Re: [Python-ideas] Include partitioning in itertools
... Not quite sure if I understand the implementation. Reading this http://mathworld.wolfram.com/BellNumber.html for the given example of 6, it should have 203 possible partitions. What am I missing? [Tim Peters] The ActiveState recipe has nothing to do with set partitions. Instead it returns all ways of breaking a sequence into a sequence of subsequences whose sum (catenation) is the original sequence. If
[Sven R. Kunze] there are N elements in the original sequence, there are 2**(N-1) ways to do that. That's why there are 32 results in the recipe's example output (2**(len("abcdef")-1) == 32). There would be 203 "set partitions" of a 6-element set.
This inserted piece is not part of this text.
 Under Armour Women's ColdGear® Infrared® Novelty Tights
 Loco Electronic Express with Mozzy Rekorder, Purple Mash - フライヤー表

@Tim: you are completely right. Sorry for the confusion referencing this implementation. Forget it.
On Sun, Nov 1, 2015 at 6:37 PM, Brendan Barnwell <brenbarn@brenbarn.net> wrote:
On 2015-11-01 17:58, David Mertz wrote:
Oh, yeah... I see what you are asking for isn't quite the same thing as power set. But still, it's not something you can do in finite time with infinite iterators (nor in tractable time with *large* iterators). So `itertools` isn't where it belongs.
I don't think that reasoning is sound. Itertools already includes several combinatoric generators like permutations and combinations, which aren't computable for infinite iterators and which take intractable time for large finite iterators.
@Brendan: exactly!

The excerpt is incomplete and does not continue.